Estimativas de prejuízos e títulos fraudulentos
A instituição estima que aproximadamente R$ 8,8 bilhões dos créditos provenientes do Master e adquiridos pelo BRB constituem títulos inexistentes, manipulados fraudulentamente ou de recuperação altamente problemática. Essa massa de "crédito podre" representa uma ameaça potencial ao patrimônio líquido da instituição, podendo originar um expressivo rombo em seus demonstrativos contábeis.
O governo afirma ser possível recuperar R$ 2,2 bilhões mediante implementação de outras estratégias, permanecendo necessária a obtenção do empréstimo de R$ 6,6 bilhões para suplementar os fundos faltantes. Essa seria a solução financeira capaz de cobrir integralmente o diferencial não recuperável através de outros mecanismos.
Implementação do plano de capitalização
Conforme divulgado anteriormente, o período de 180 dias para que o BRB executasse o plano de capitalização BRB apresentado ao Banco Central em fevereiro findou nesta quarta-feira, porém as providências de maior envergadura ainda não foram materializadas. O documento foi submetido em 6 de fevereiro como um "plano de capital preventivo", incluindo múltiplas medidas destinadas a fortalecer, caso necessário, o patrimônio do banco após a sequência de operações fracassadas envolvendo o Banco Master.
Medidas implementadas e pendências
Desde então, a necessidade de fortalecimento patrimonial foi confirmada. O BRB divulgou porções dos números relacionados ao déficit e algumas providências para combatê-lo, entre elas o empréstimo de até R$ 6,6 bilhões e uma negociação com um fundo especializado para administrar aproximadamente R$ 15 bilhões em ativos provenientes do Master. Contudo, o empréstimo permanece pendente, aguardando autorização dos maiores bancos públicos e privados da nação.
Situação atual e perspectivas
A etapa do empréstimo BRB que demanda aprovação constitui exatamente o ponto a ser debatido na audiência de conciliação acionada pelo ministro Fux. Anteriormente, um acordo com o fundo Quadra Capital, que visava negociar ativos problemáticos, foi desfeito em junho, conforme relatado por publicações especializadas.

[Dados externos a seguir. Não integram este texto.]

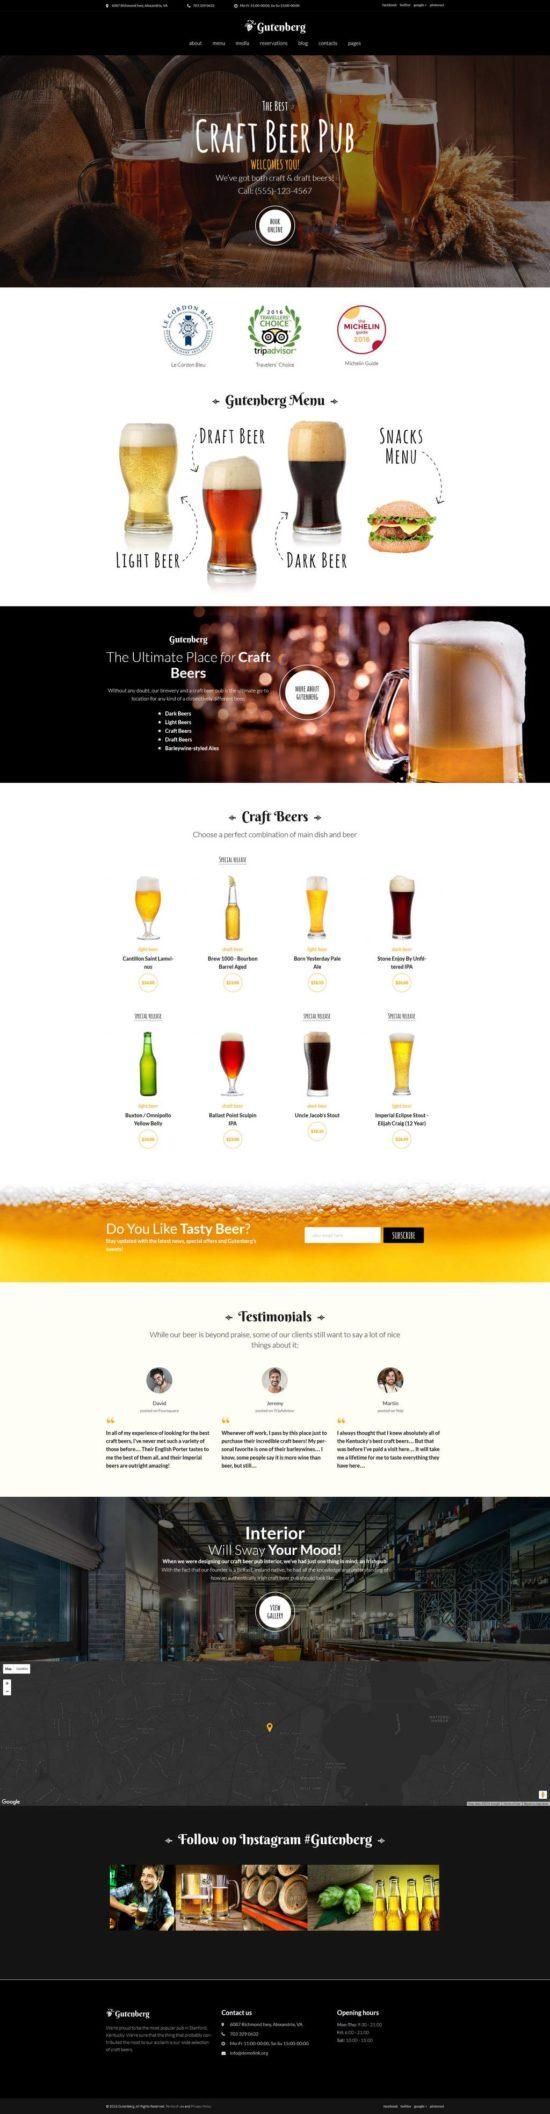 gutenberg templatemonster wordpress theme 01 550x2114 - GutenBerg WordPress Theme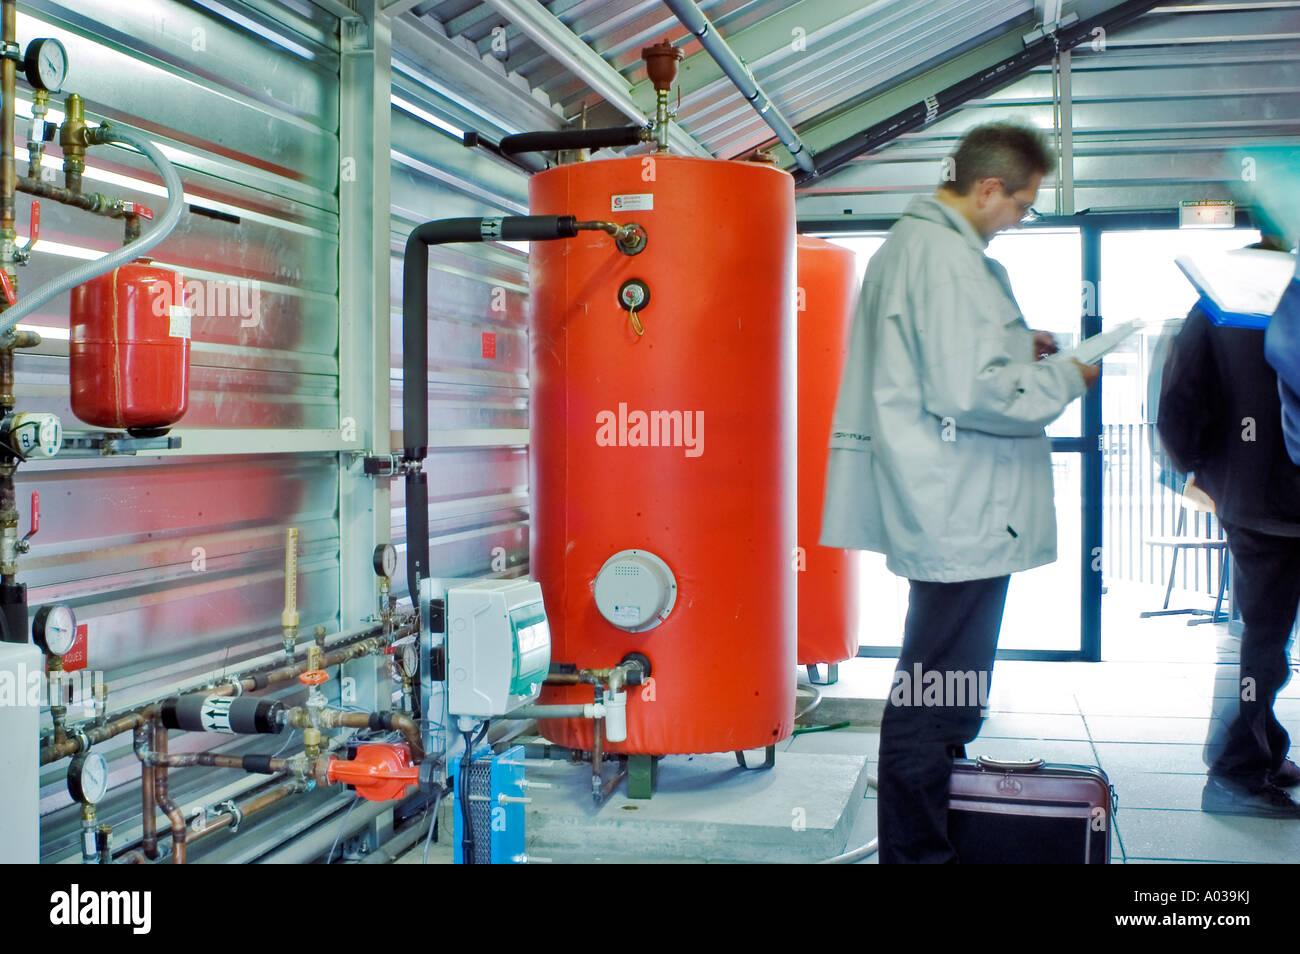 Storage Heater Stock Photos & Storage Heater Stock Images - Alamy

Essa sequência de reveses e atrasos evidencia a complexidade e a urgência da situação vivenciada pela instituição financeira brasiliense.
A audiência agendada para janeiro representa uma oportunidade crítica para que as partes envolvidas, sob supervisão do judiciário, consigam finalmente avançar na solução de uma das mais significativas crises financeira BRB dos últimos anos, com repercussões potenciais para a estabilidade financeira local e nacional.